GC pressure is the strain on a garbage-collected runtime when your application creates many short-lived objects, causing garbage collection to run more often or take longer.

In languages with garbage collection (like Java, C#, or Go), the runtime periodically reclaims memory that your code no longer uses. That process is convenient, but it isn’t free.

GC pressure builds up when your program allocates lots of objects quickly—often because it’s turning every message into new temporary structures, strings, or copies. The faster you allocate, the more the garbage collector has to work to keep memory under control.

In market data pipelines, high GC pressure often shows up as latency spikes. The system may be fast most of the time, but occasional pauses or slowdowns happen when the runtime needs to reclaim memory and compact or scan heaps.

Real-time market data workloads care about consistent processing time. High GC pressure can increase tail latency, making quotes or trades appear “bursty” even when the network feed is steady.

Common causes include per-message allocations (creating new objects for every update), excessive string parsing, building temporary collections, and copying payloads between stages. High message rates amplify these patterns quickly. The result is more frequent GC cycles and larger heaps to scan.

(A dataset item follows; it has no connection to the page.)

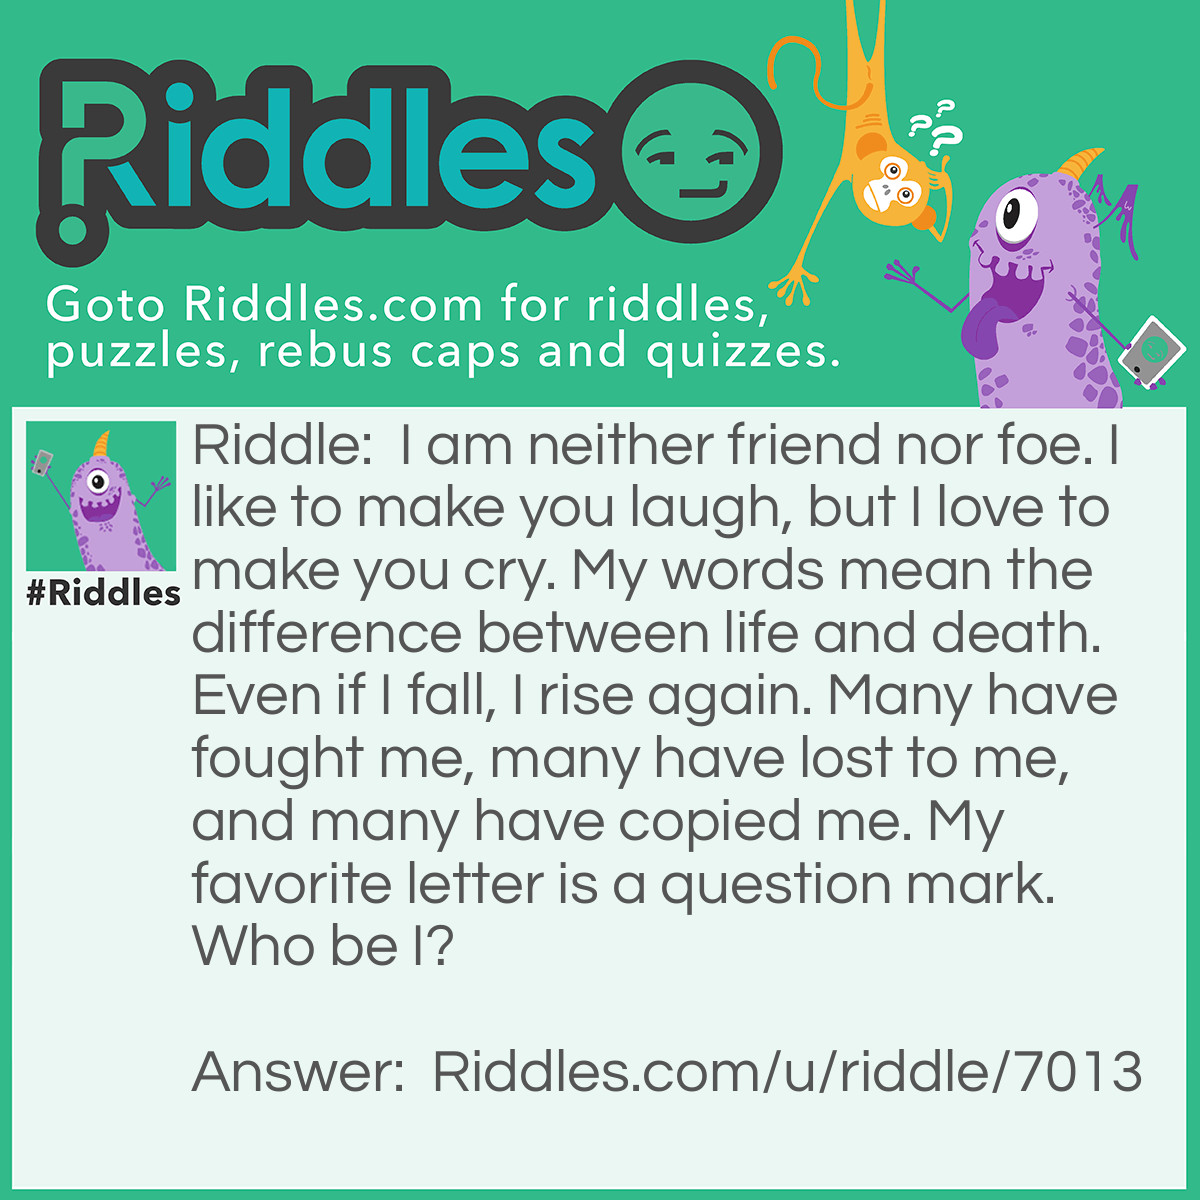 Riddle: I am neither friend nor foe. I like to make you laugh, but I love to make you cry. My words mean the difference between life and death. Even if I fall, I rise again. Many have fought me, many have lost to me, and many have copied me. My favorite letter is a question mark. Who be I? Answer: The riddler.
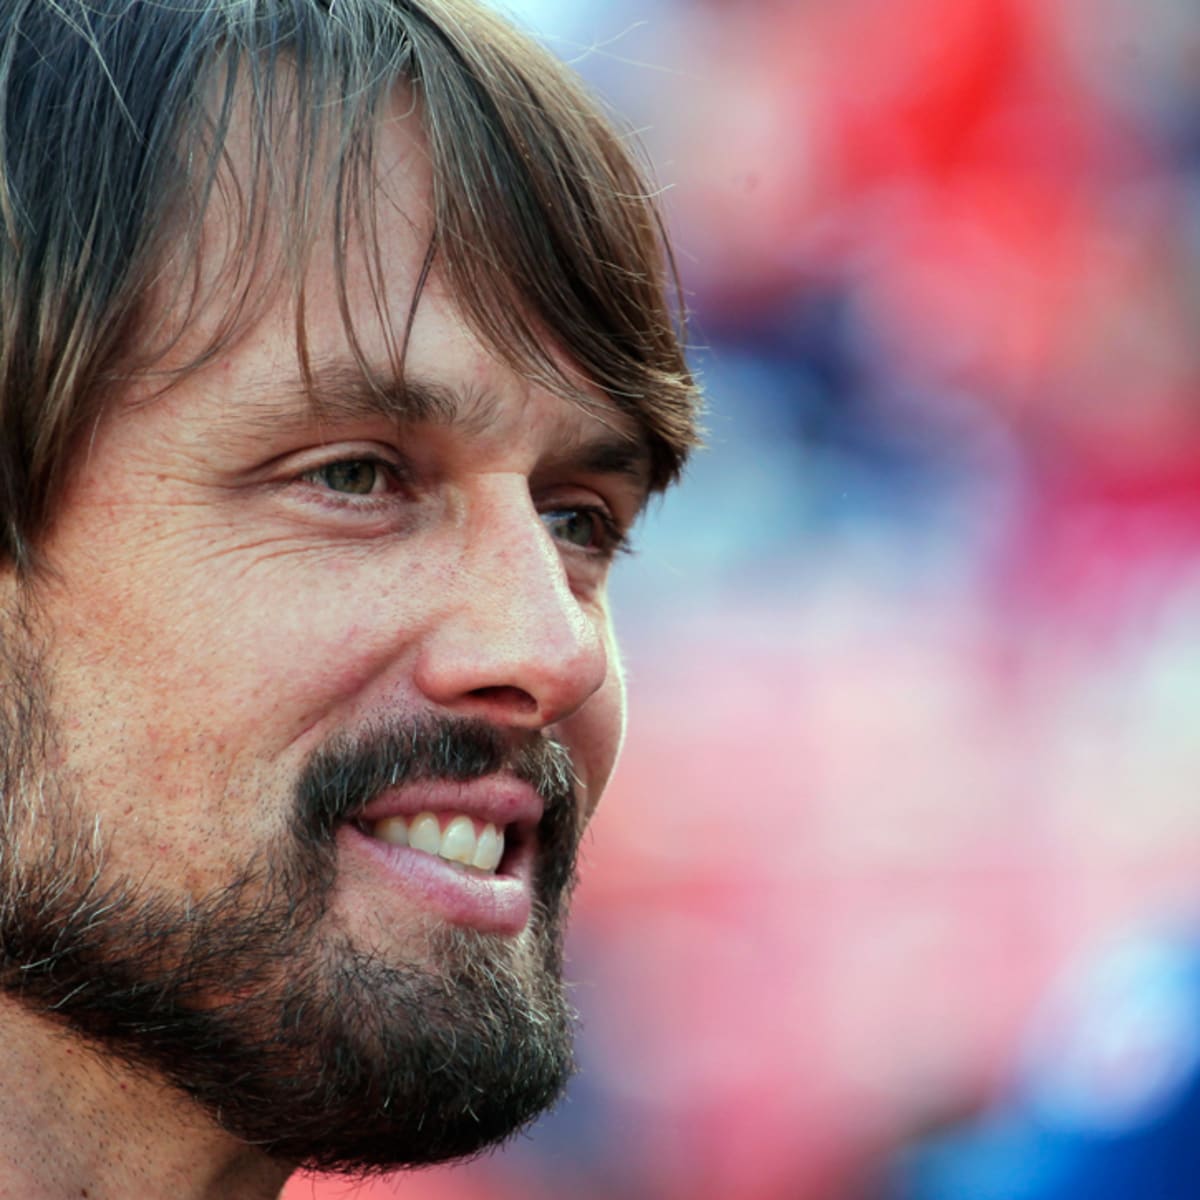 Cannabis Wellness-Promoting Quarterback Jake Plummer to be Honored at  Charity Golf Tournament

You can often reduce allocations by reusing buffers, using object pools carefully, avoiding unnecessary conversions, and choosing data structures that don’t create lots of temporary objects. Another practical step is to separate the hot path (ingestion + parsing) from heavier downstream work so that bursts don’t multiply allocations. Profiling allocation hotspots is usually more effective than guessing.

Garbage collection work competes with your application’s normal work for CPU time. Even “concurrent” collectors may introduce brief pauses or reduce throughput while they scan memory. That shows up as higher p99/p999 processing times, which can be more damaging than a small drop in average speed.

A service parses every incoming trade into a new object graph and converts timestamps into multiple string formats. At peak rates, GC runs frequently and p99 processing latency jumps. After switching to reusable message buffers and keeping timestamps in numeric form until needed, GC frequency drops and tail latency tightens.

If you consume CoinAPI’s Market Data API at high update rates, GC pressure can become the hidden reason your client falls behind during volatility. Reducing allocations in your parsing and normalization code can help you keep up with bursts of quotes and trades more reliably.